Posted 02:08 PM, 11/03/2009
CleanupPhilly
What Shelly Smith needs to investigate at my request is how the BRT will be allowed to not implement AVI in violation of the state law that requires all property tax assessments to be based on some objective criteria. That violates my pocket book, my direct need for the rule of law. Bill Green is trying to delay reforms using any means necessary, and Brett Mandel should sue the BRT for not implementing AVI to satisfy state law. Green is trying to preserve the machine, instead of fixing the basics. Shields needs to be savvy about this.
Posted 03:53 PM, 11/03/2009
joseph shay stivala
I agree with anti-tax. City Council only - has the authority to act in this matter. Councilman Green told the Solicitor in City Council hearings that the document only had three signatures. Holding a hearing on this with input for all sounds like a circus conundrum. CleanupPhilly makes a request of the Solicitor - how? He or she hogs up the comment space, but has no human name for the request? Does he want to bring Brett back? He/she should request if the assessmwent move is a power grab, instead.

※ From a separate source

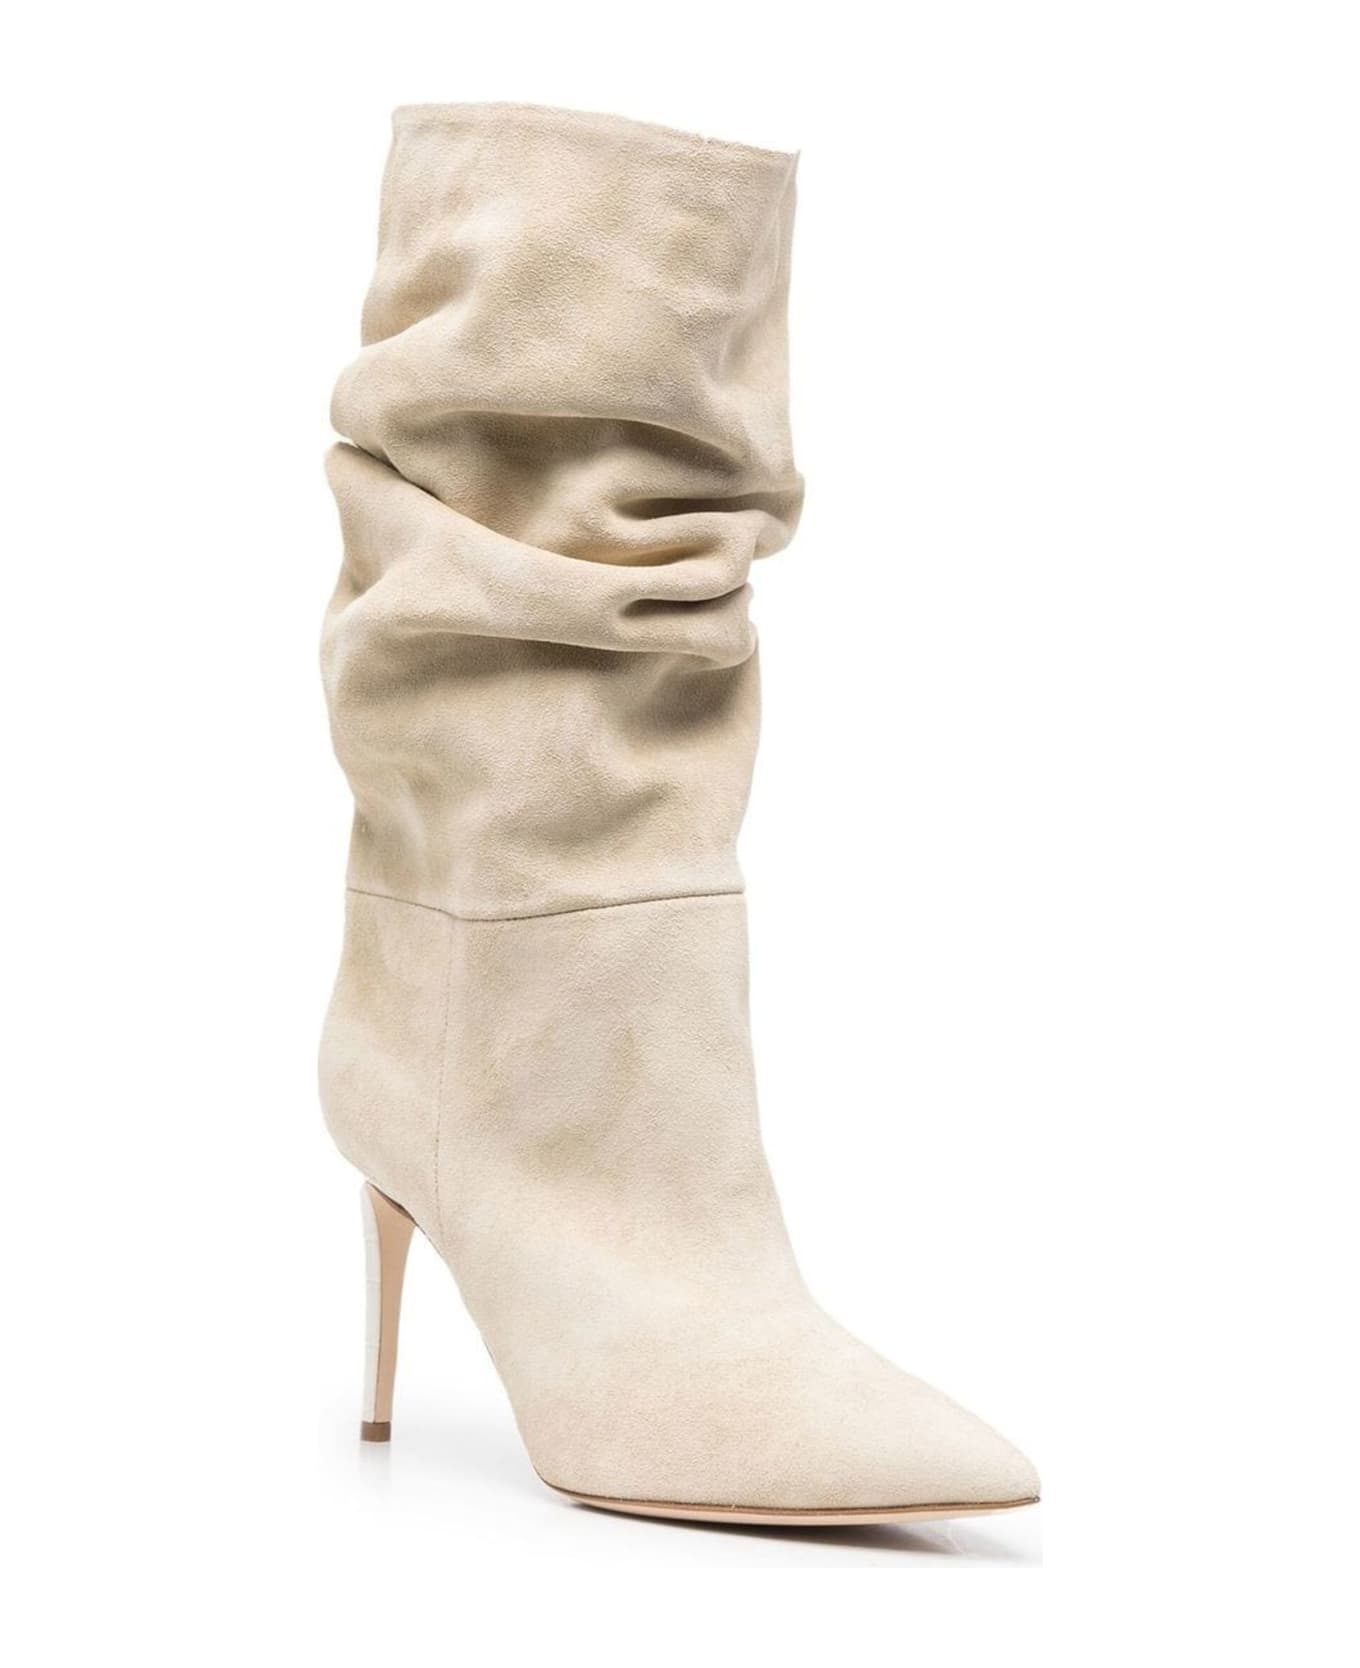 Paris Texas Beige Calf Leather Suede Ankle Boots - Beige

Posted 03:54 PM, 11/03/2009
joseph shay stivala
I agree with anti-tax. City Council only - has the authority to act in this matter. Councilman Green told the Solicitor in City Council hearings that the document only had three signatures. Holding a hearing on this with input for all sounds like a circus conundrum. CleanupPhilly makes a request of the Solicitor - how? He or she hogs up the comment space, but has no human name for the request? Does he want to bring Brett back? He/she should request if the assessmwent move is a power grab, instead.
Posted 08:17 PM, 11/03/2009
John Gualt
Green's just playing politics. His game is to pretend to reform, delay the entire process, this will garner favor with the Democratic machine, and the machine will back him in his race for mayor against Mr. Potato Head.